Die nichtsteroidalen Antiphlogistika (NSAR) wirken analgetisch, antipyretisch und antiphlogistisch. Ihre Wirkung beruht auf der Inaktivierung des Enzyms Cyclooxygenase und der damit einhergehenden Hemmung der Prostaglandinsynthese.

Tab. 3: Prostaglandinwirkungen und Effekte der COX-Hemmung [2]

NSAR hemmen in analgetischer Dosierung sowohl die COX-1 als auch die COX-2. Dadurch lassen sich ihre Wirkungen, aber auch ihre Nebenwirkungen erklären (s. Tab. 4). Die Hemmung der COX-2 führt zu Schmerzlinderung, Entzündungshemmung und Fiebersenkung. Die unerwünschten Wirkungen entstehen vorwiegend durch die Hemmung der COX-1, da diese für physiologische Schutzfunktionen, z. B. gastrointestinale Zellprotektion, verantwortlich ist. Aber nicht nur die COX- 1-Hemmung führt zu Nebenwirkungen, es werden auch physiologische Funktionen der COX-2 unterdrückt. Zudem sammelt sich die nicht mehr durch die COX verwertete Arachidonsäure an und wird vermehrt über Lipooxygenasen in Leukotriene umgewandelt. Leukotriene fungieren wie Prostaglandine als Entzündungsmediatoren und führen unter anderem zur Bronchokonstriktion. [2]
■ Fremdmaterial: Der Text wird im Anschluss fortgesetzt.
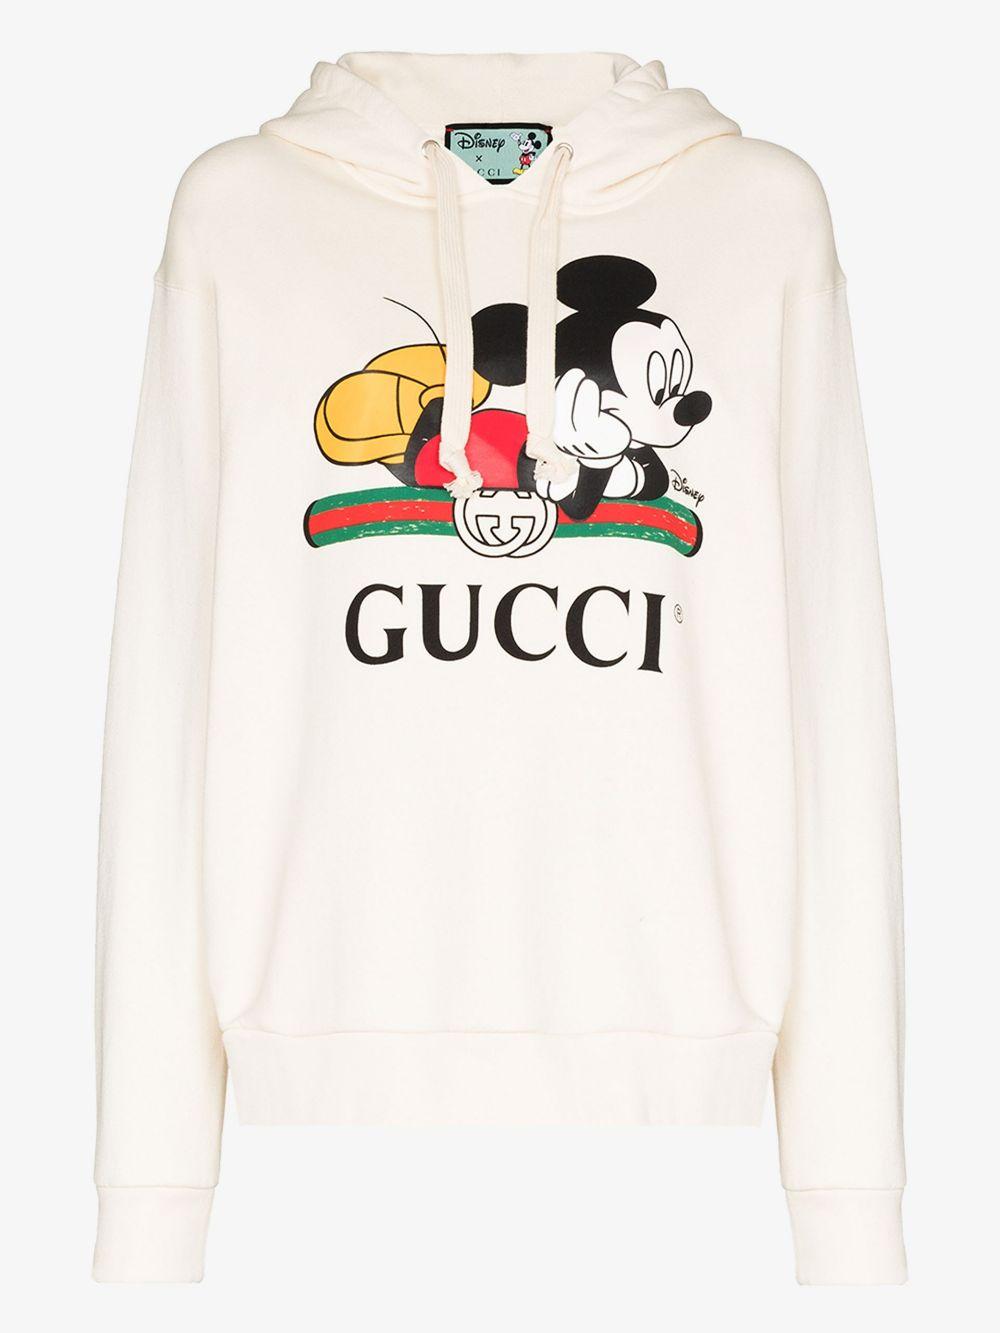 Logo Gucci X Mickey Mouse And Minnie Mouse shirt, hoodie, sweater

Nebenwirkungen und Kontraindikationen

Die Nebenwirkungen der klassischen NSAR ergeben sich hauptsächlich aus ihrem Wirkmechanismus, der COX-Hemmung (s. o.). Deshalb haben alle NSAR folgende Nebenwirkungen, Kontraindikationen und Interaktionen gemeinsam:

Tab. 4: Nebenwirkungen und Kontraindikationen der NSAR [2]

Interaktionen

Die Interaktionen der NSAR sind ebenfalls auf ihren Wirkmechanismus, die COX-Hemmung, zurückzuführen. Am häufigsten kommen Wechselwirkungen mit Glucocorticoiden, Antihypertonika und Thrombozytenaggregationshemmern vor. Glucocorticoide hemmen ebenfalls die COX-2, die bei der Wundheilung von Ulzerationen wichtig ist. Deshalb erhöht die gleichzeitige Anwendung von Corticoiden und NSAR das Risiko von gastrointestinalen Komplikationen. Die Tabelle 5 zeigt, welche weiteren Wechselwirkungen auftreten können. [2]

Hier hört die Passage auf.